​Technical article: Flow diversion in heavy oil waterfloods by microbial activation

Image: Joey Podlubny/JWN

This article is part of the Fall 2018 edition of the Journal of the Canadian Heavy Oil Association.

The waterflooding of heavy oil reservoirs in the Western Canada Sedimentary Basin (WCSB) is challenged by adverse mobility ratios from high oil viscosities. Modification of injected water flow vectors via downspacing and/or the implementation of line drive injection patterns has resulted in strong performance in many pools (Beliveau, 2009).

Lab studies with high-perm sand packs and high-viscosity oils (Bryan and Kantsos, 2009; Wu et al, 2011) have demonstrated strong performance of chemical floods following waterflooding via a flow diversion mechanism, even though the chemicals employed might classically be expected to reduce interfacial tension.
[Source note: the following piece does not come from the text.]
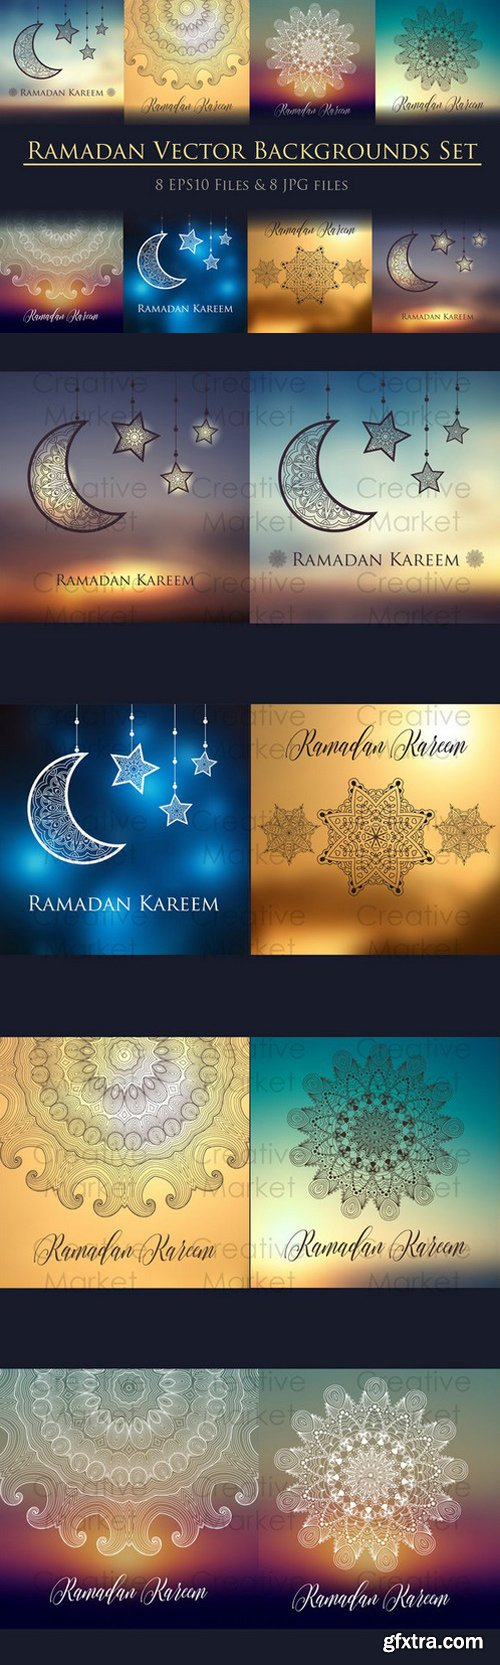 CM - 8 Ramadan backgrounds vector set 703856

Many heavy oils were created from lighter oils by microbial action (Larter et al, 2008; Wenger et al 2002). Heavy oil pools both globally and in the WCSB continue to host communities of microbes who respire anaerobically by transforming portions of oil to lighter and heavier compounds. Lab studies with reservoir fluid samples have shown that microbial communities go dormant when reservoir conditions change, often due to exhaustion of a key microbial nutrient (see also Head et al, 2006), and that the microbial community will be reactivated if appropriate chemical needs are provided. Renewed microbial respiration produces methane and sometimes surfactants; injected water flow paths are then altered.

The microbes of interest live in the reservoir’s waters near points of contact between oil and water at the pore level. They will move with injected water, and are thought to be dispersed throughout the reservoir, especially the swept zone.

This paper will describe results of microbial activation on the injection and production performance of a small waterflood in southeastern Alberta. Microbial activation and flow diversion were achieved quickly on a pool-wide scale, with results both positive and negative. “Days” are numbered from start of injection of activators.

This Project

The study area is an isolated compartment of a sandstone pool where mature waterflood operations are recovering 100 cp viscosity oil. It has a fan-shaped wellfield with one injector, three active oil producers, and one idle oil producer. The wells are arranged in two lines, one going north from the injector with producers here called “N1” and “N2,” and a second going to the northeast, with the idle producer “NE1” and active producer “NE2.” The injector is at the compartment’s southwestern edge, directly offset by N1 and NE1. Effective spacing is 15 acres per well. The compartment’s waterflood operations proceeded intermittently until five years ago. Recent injection and production operations have been continuous, excepting producer NE1 being shut-in on Day -478.

Well N1 produced much of the study area’s water. N1 went down due to a pump problem that reduced injection between Days 157 and 174. This sudden change in pressure distributions within the pool afforded vision into fluid flows, and how oil response to microbial activator injections was affected.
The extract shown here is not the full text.